Being convinced that there is a necessity to rebuild the connections between nature and culture, he has never seen himself as just a chef who cooks delicious things, but as a connector between people and nature, through the producers, focusing upon the concept that every life is important and all lives are connected.

He expands his chef’s craft into a greater narrative, a view that he already held, even in the early years of his career.

Having a great desire to learn, after earning a degree in politics, he didn’t go to culinary school, but instead he honed his skills in some of the world’s most important restaurants such as Michel Bras’ in Japan and Heston Blumenthal’s in England.

Michael Bras’, himself a self-taught chef, with his naturalist’s philosophy and foreward-thinking in giving proper attention to lesser used vegetables that have become unpopular over time, plus his pioneering of the trend for whole-vegetable menus, attracted chef Namae as it seemed to express his own desires for following such a path in cooking. Luckily, back then, Michel Bras was opening a restaurant in Hokkaido, and it was here that chef Namae got a job in the kitchen, after multiple letters and efforts to get a foot in the door.

His experience at Bras lasted for 5 years and chef Namae recalls it as an essential step in broadening his perceptions of French cuisine and structuring the ways of connecting with nature as a chef. After that he embarked on a journey to pursue another legendary culinary figure, Heston Blumenthal, another chef whose mind is constantly questioning, leading him to be awarded with an honorary Doctor of Science degree. His kitchen is known for dynamic explorations into the understanding of food and taste and the science behind it.

The value of human connection, of seeing real people, the farmers who supply the food for his restaurant is a key point. In fact, on the restaurant’s website one will find the ‘Artisans we respect’ list, naming all the suppliers and even their designers and painters. There is a commitment to sustainable sourcing and waste reduction, something that chef Namae believes is essential in the industry. (L’Effervescence won a Sustainable Restaurant Award, Asia’s 50 Best Restaurants back in 2018).

Always levitating above the fine dining world, learning things empirically and academically, chef Namae is currently pursuing his doctorate in Microeconomics of Agriculture, and is an avid advocate for, and participant in sustainable action. His goal is set around understanding the specific reasons why some people make certain choices of particular products.
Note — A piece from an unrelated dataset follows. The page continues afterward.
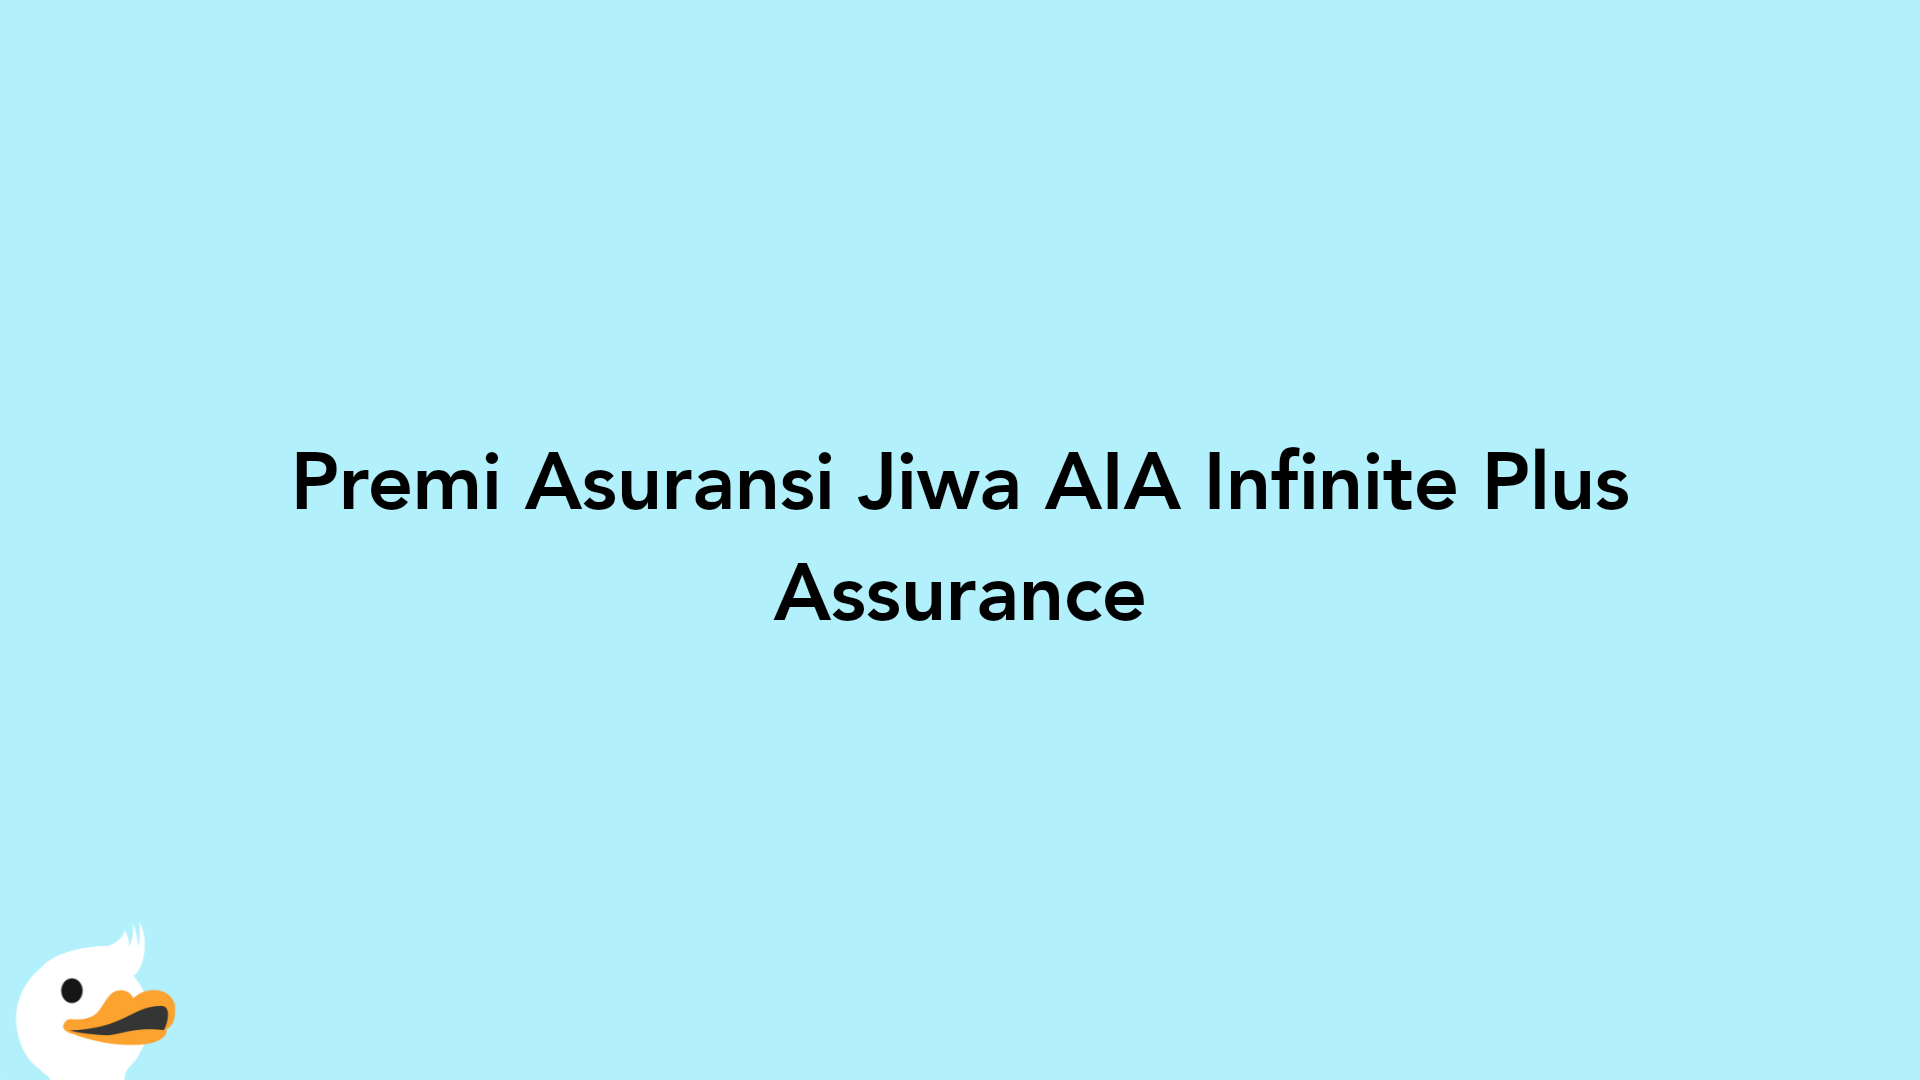 Premi Asuransi Jiwa AIA Infinite Plus Assurance
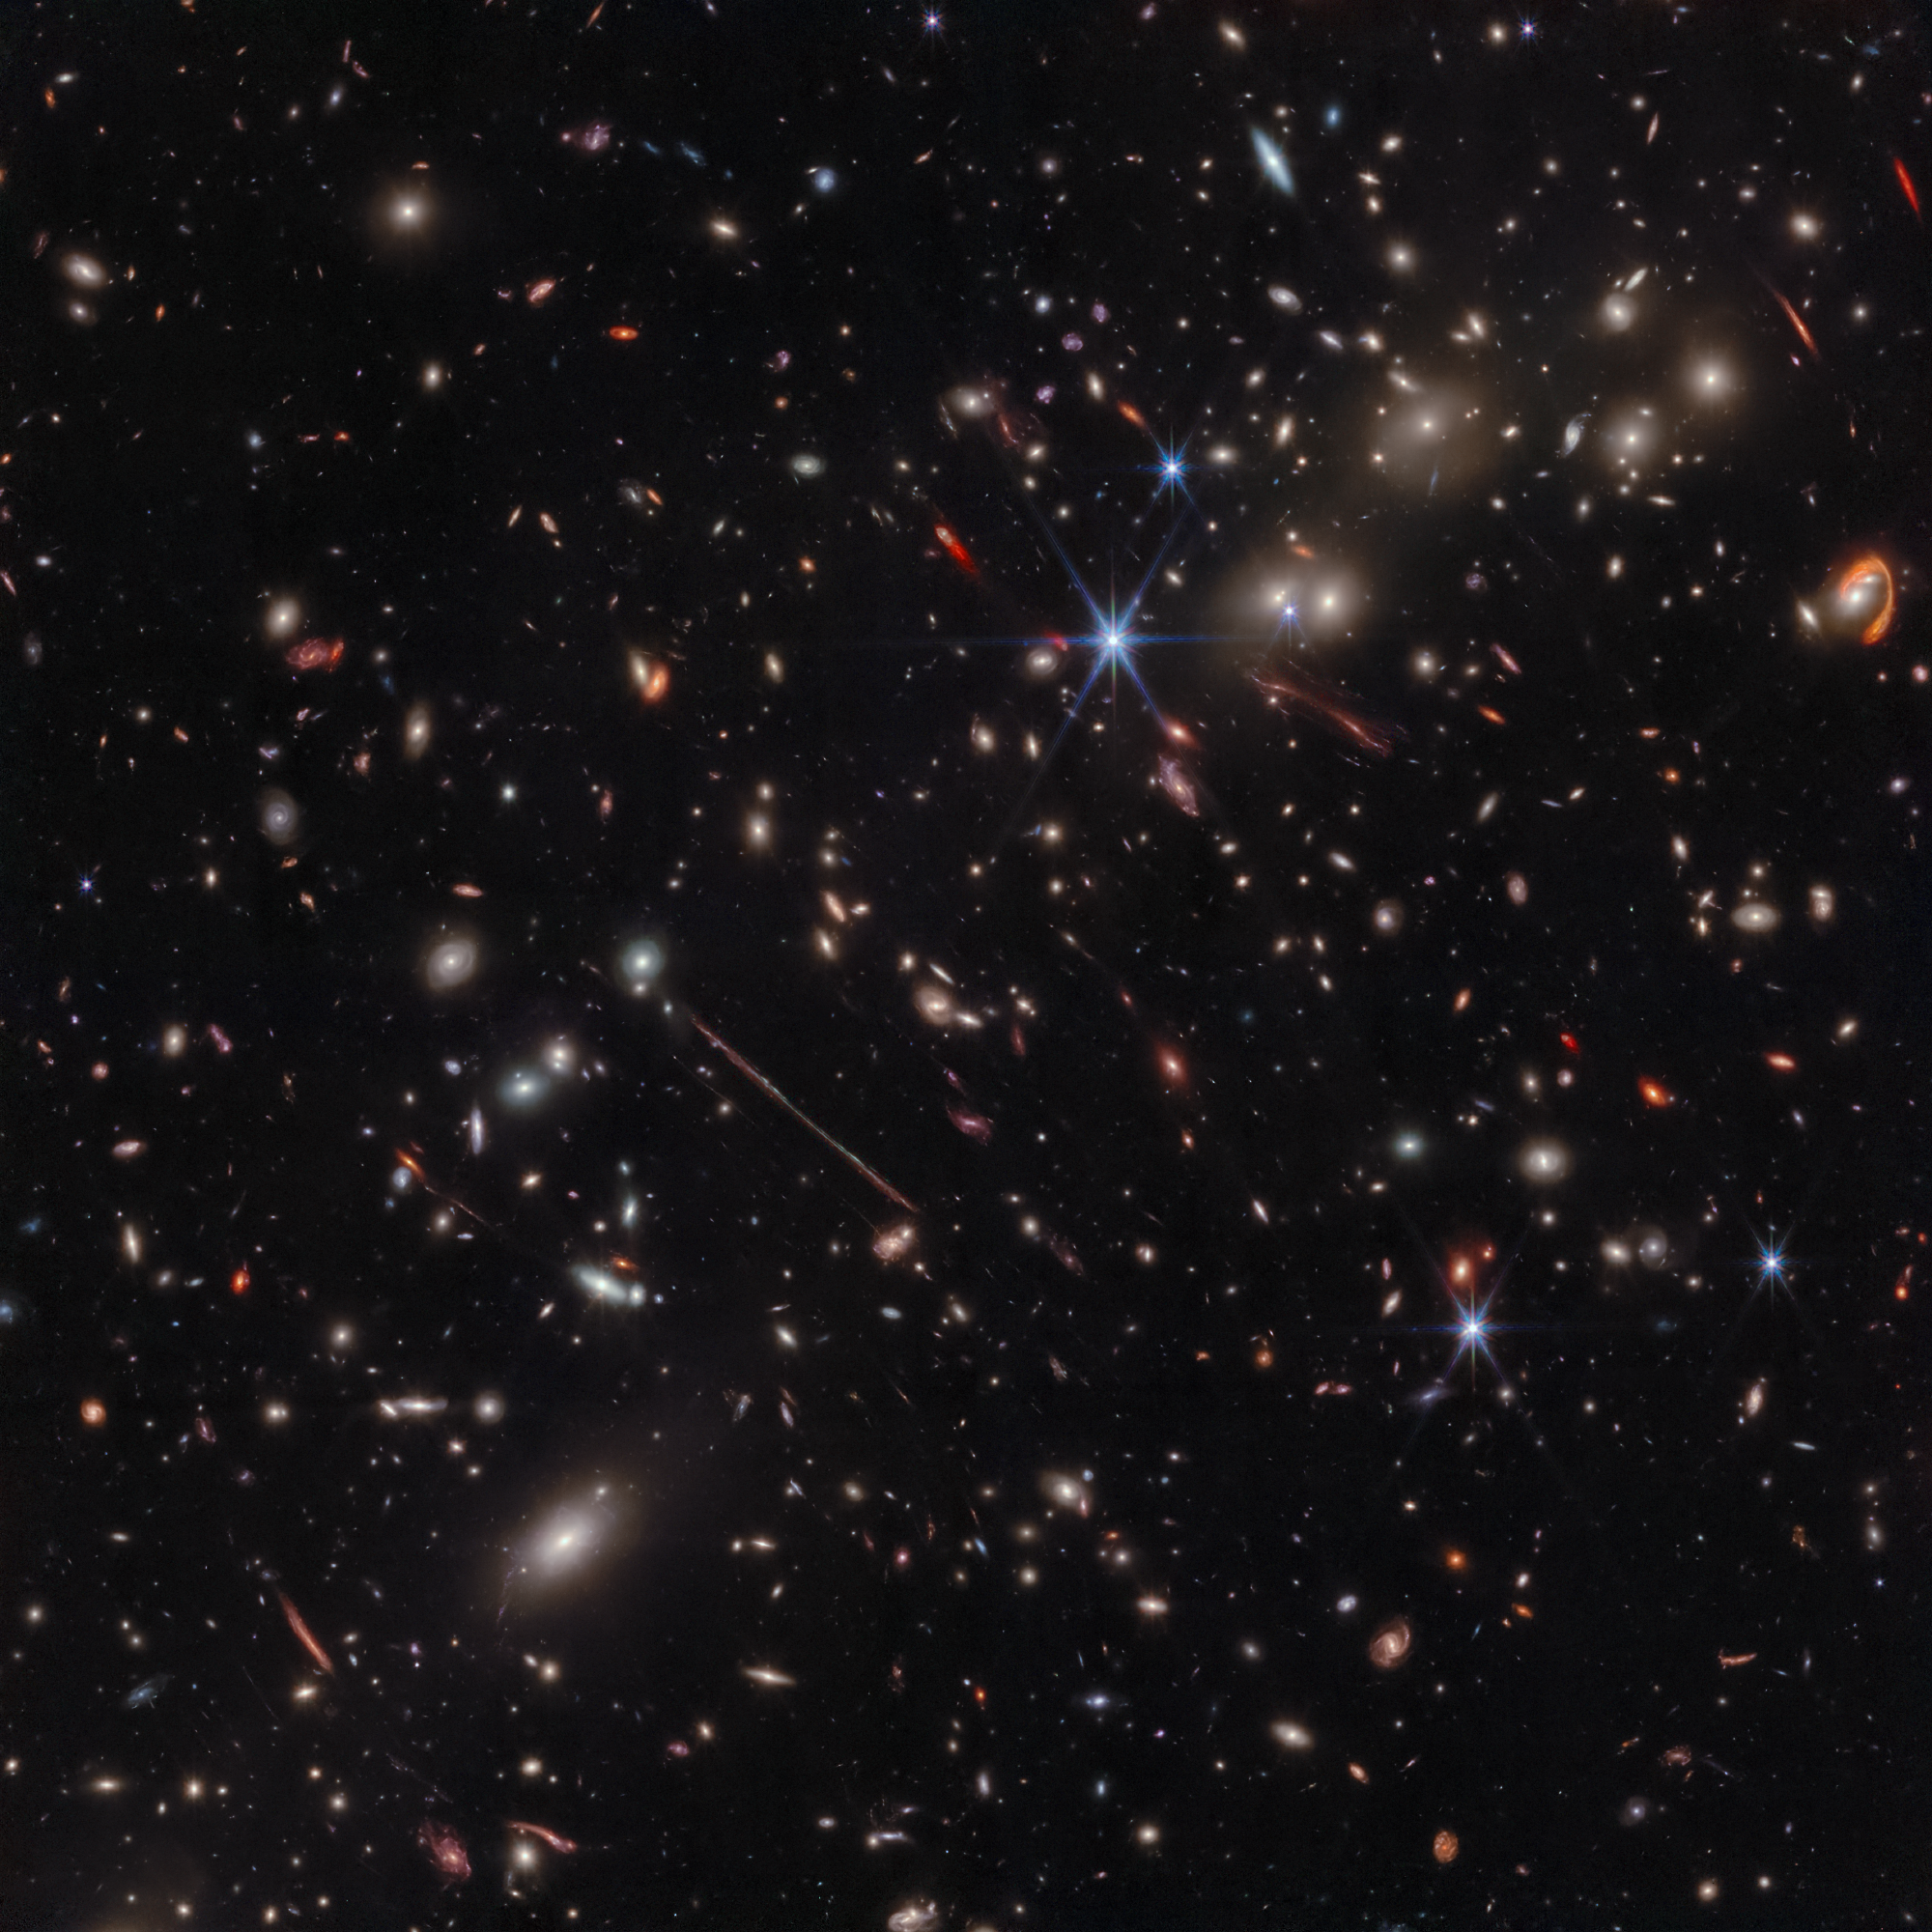 Na ilustracji: Zdjęcie w podczerwieni gromady galaktyk El Gordo („Grubas”) zawierającej setki galaktyk, które zostało zrobione przez Teleskop Webba. El Gordo działa jak soczewka grawitacyjna zniekształcająca i wzmacniająca światło odległych galaktyk tła. Najciekawsze z nich to zniekształcona do kreski galaktyka tła La Flaca („Chuda”) widoczna nieco na lewo od środka zdjęcia oraz El Anzuelo („Haczyk”) widoczna w pobliżu górnego prawego narożnika zdjęcia.  Źródło: NASA, ESA, CSA

Chef Shinobu Namae 4 (taken by Nathalie Cantacuzino).JPG

At the University of Tokyo, he is a part of the Laboratory of Food and Resource Economics where they employ an interdisciplinary approach using agricultural economics, agricultural engineering, agricultural planning, biochemistry and neuroscience. They are conducting an evidence-based study through microeconomics models to show how our food system operates, researching the implications of how we choose food consumption and trying to reach political intervention in food policy. Through his research, studies, and work at L’Effervescence, Namae strives to identify what we should eat to build the future that we want to see.

Evolving through cooking and digging deeper into what we should eat and how we should eat it.

Furthermore, as we have learnt, chef Namae is also a free diver. He explores and documents the health of the marine ecosystems in the coastal waters of Japan.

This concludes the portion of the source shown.